Exchange List Values
• Vegetable 2.0
• Meat, medium fat 1.0
Basic Nutritional Values
• Calories 114
(Calories from Fat 53)
• Total Fat 6 gm
(Saturated Fat 2.0 gm,
Polyunsat Fat 0.8 gm,
Monounsat Fat 2.5 gm)
• Cholesterol 14 mg
• Sodium 350 mg
• Total Carb 11 gm
• Dietary Fiber 4 gm
• Sugars 5 gm
• Protein 6 gm
Ham Balls
Fairbank, IA
Makes 24 servings
Prep. Time: 45 minutes
Cooking Time: 4-5 hours
Ideal slow cooker size: 6-qt.
Ham Balls:
3 eggs
3 cups crushed graham crackers
2 cups milk
2 tsp. dried minced onion
¼ tsp. pepper
2 lbs. extra-lean, reduced-sodium ground ham
1½ lbs. 90%-lean ground beef
1½ lbs. lean ground pork
Topping:
½ cup no-salt-added ketchup
¼ cup water
½ cup brown sugar
¼ cup plus 2 Tbsp. vinegar
½ tsp. dry mustard
1. Beat eggs slightly in large bowl. Add graham crackers, milk, minced onion, pepper, and ground meats. Mix well.
2. Form into 24 balls, using ½ cup measuring cup for each ball.
3. Combine topping ingredients.
4. Layer meat balls and topping in greased slow cooker.

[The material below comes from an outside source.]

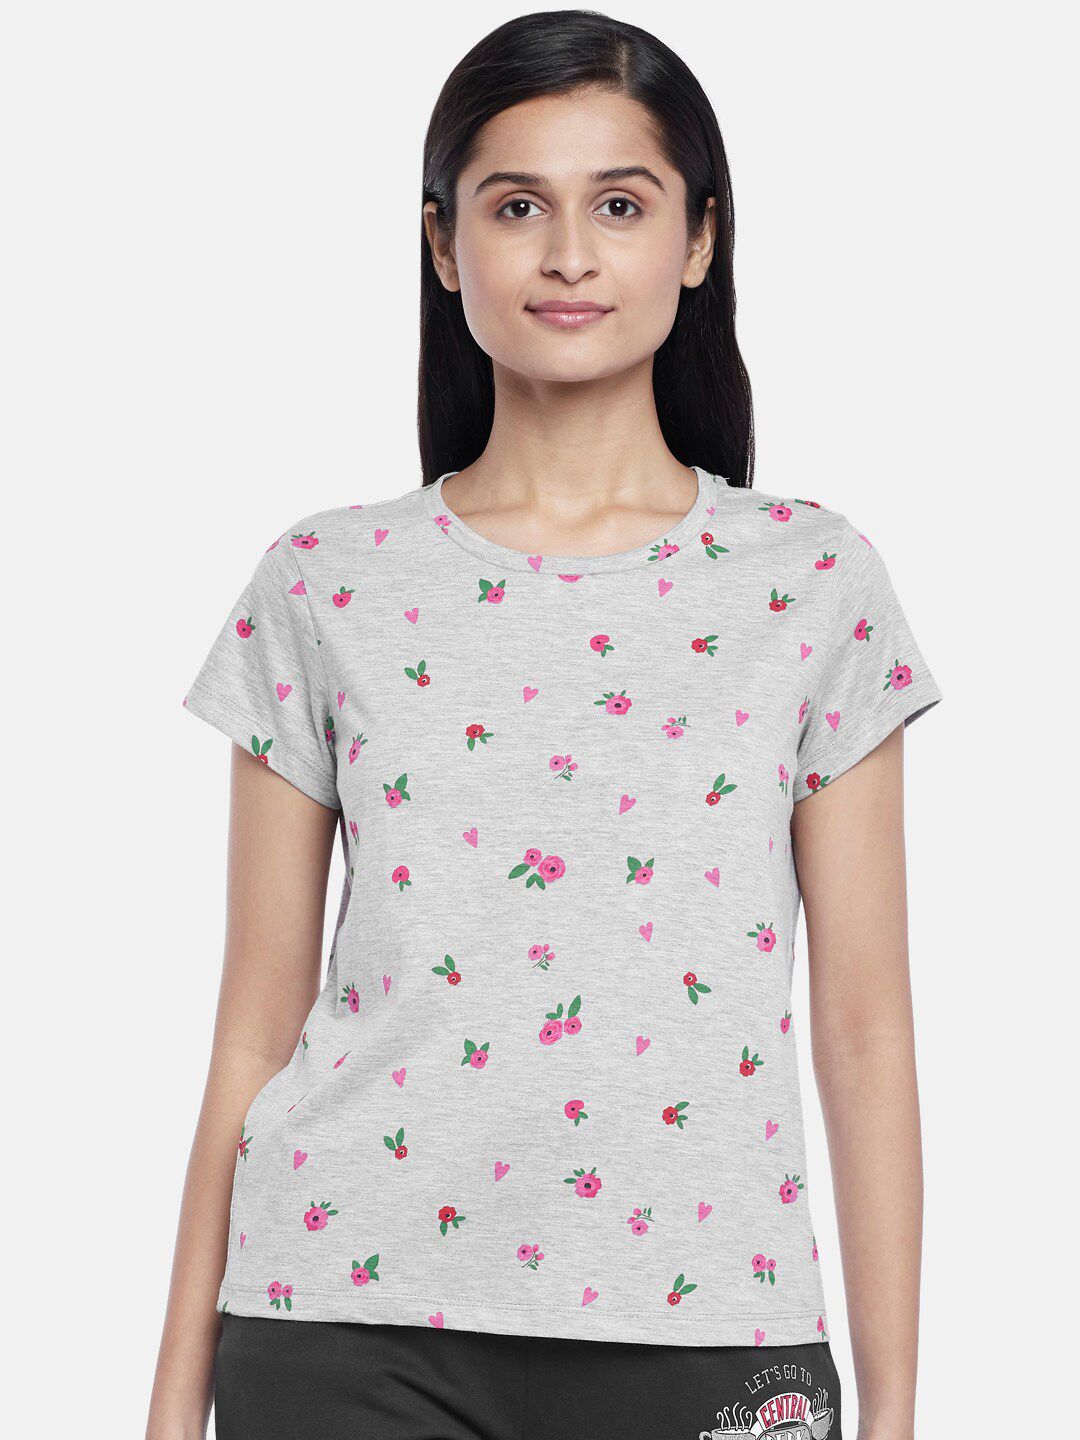 Dreamz by Pantaloons Women Grey & Pink Floral Print Pure Cotton Lounge T-Shirt Price in India
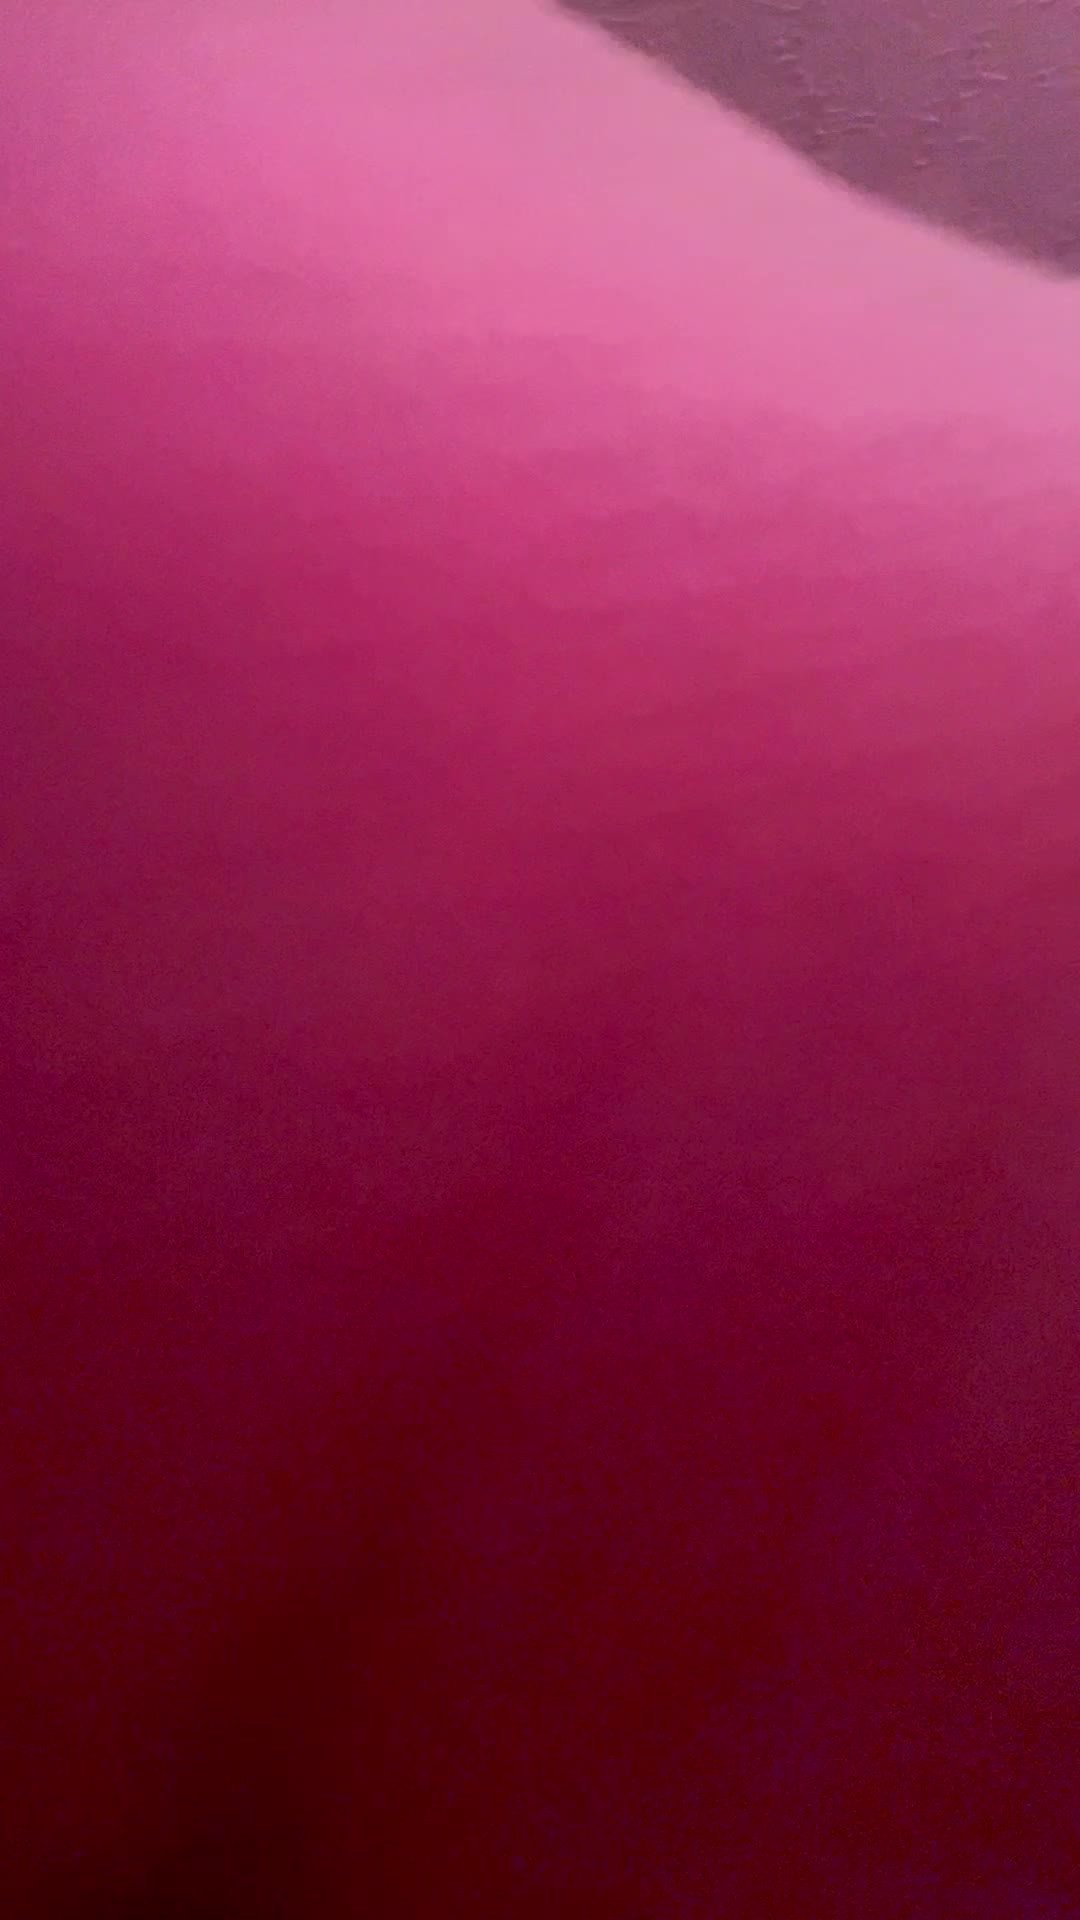 Video post by Pussylover42069

5. Cover. Cook on high 1 hour. Reduce heat to low and cook 3-4 hours more.
Exchange List Values
• Carbohydrate 1.0
• Meat, medium fat 2.0
Basic Nutritional Values
• Calories 220
(Calories from Fat 63)
• Total Fat 7 gm
(Saturated Fat 2.5 gm,
Polyunsat Fat 0.9 gm,
Monounsat Fat 2.9 gm)
• Cholesterol 82 mg
• Sodium 429 mg
• Total Carb 17 gm
• Dietary Fiber 0 gm
• Sugars 10 gm
• Protein 21 gm
Using leftover foods for a recipe saves time. If the leftovers are seasoned, reduce the amount of salt in the recipe.